J'ai essayé tous les trucs conseillés sur l'aide en ligne HP : désinstaller/réinstaller l'imprimante, suspendre et reprendre l'impression, débrancher/rebrancher, etc. 
Le test de connexion ne marche pas (HP utility plante systématiquement).
Je ne pense pas que ça vienne de l'imprimante elle-même, plutôt d'un problème de compatibilité avec le Mac (j'ai aussi un PC avec lequel l'imprimante marche comme sur des roulettes), même si en principe ça devrait marcher (d'ailleurs ça marche _parfois_ ! là est l'os)

Est-ce que quelqu'un a déjà eu le problème ???
Merci d'avance !!

Internaute au bord de la crise de nerfs.


----------



## herszk (29 Novembre 2010)

Bonsoir.
A mon avis, tu as un problème wifi.
As-tu essayé de connecter ton imprimante en usb ?


----------



## brownie (29 Novembre 2010)

Oui, ça marche en USB.
J'ai un wifi dartybox, mais l'imprimante marche très bien en wifi sur PC...


----------



## Mooze (8 Décembre 2010)

Bonsoir,
je viens d'acheter une HP Photosmart B11Oà et j'ai rencontré le même problème. L'imprimante fonctionnait en WiFi avec un PC W7, par cable USB avec mon Mac mais en Wifi, impossible d'activer l'imprimante . Un message s'affichait "hôte en attente".

Bref on a re-installé le CD de HP, opté pour l'installation personnalisée, cliqué sur l'invite "installer en réseau et scanner" qui envoie directement sur pomme système imprimante.

Bref çà marche


----------



## Nico206 (28 Février 2011)

J'ai moi aussi pris un B210a... Et j'ai beaucoup de problèmes pour imprimer en Wifi...

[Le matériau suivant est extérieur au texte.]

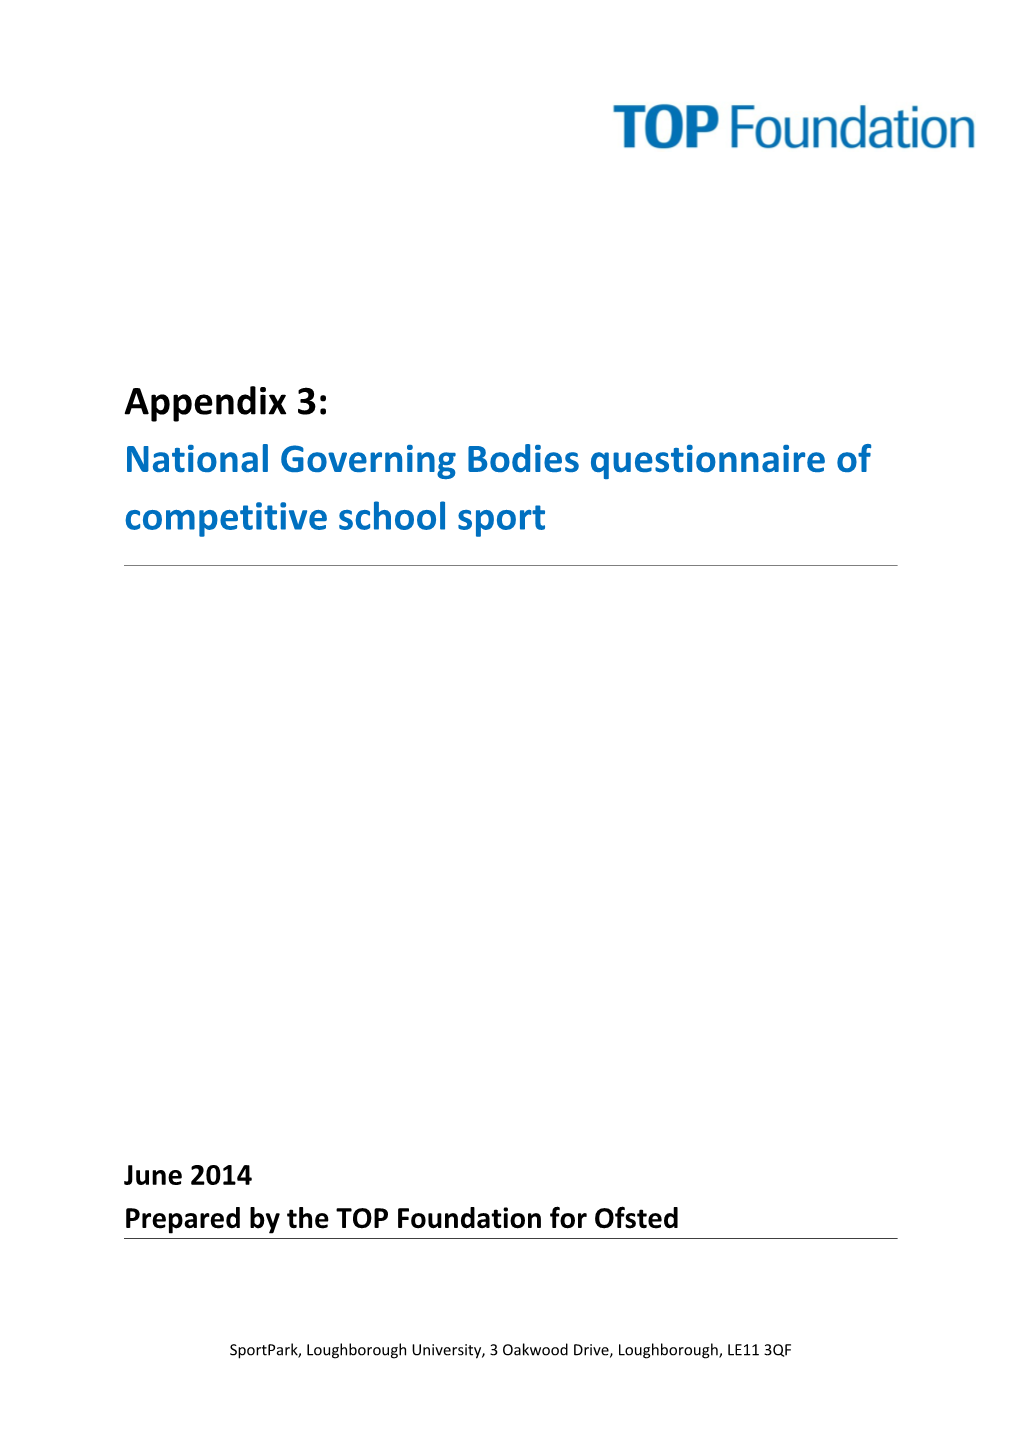 National Governing Bodiesquestionnaire of Competitive School Sport

C'est bien simple, il faut que je l'allume, que j'attende qu'elle démarre...
Je lance une impression: impossible de communiquer avec l'imprimante.
Je l'éteins, je la rallume, je relance l'impression: miracle ça fonctionne.
Et cela que ce soit avec l'iPad, l'iMac ou le MacBook... Elle n'est vraiment pas au point... 
D'autant plus que contrairement aux Canon, elle ne se réveille pas si elle est éteinte...
Ca oblige, lorsque je souhaite imprimer depuis le MacBook ou l'iPad dans une autre pièce, à me déplacer jusqu'à l'imprimante et faire tout le process indiqué ci-dessus... 
J'ai connu plus simple


----------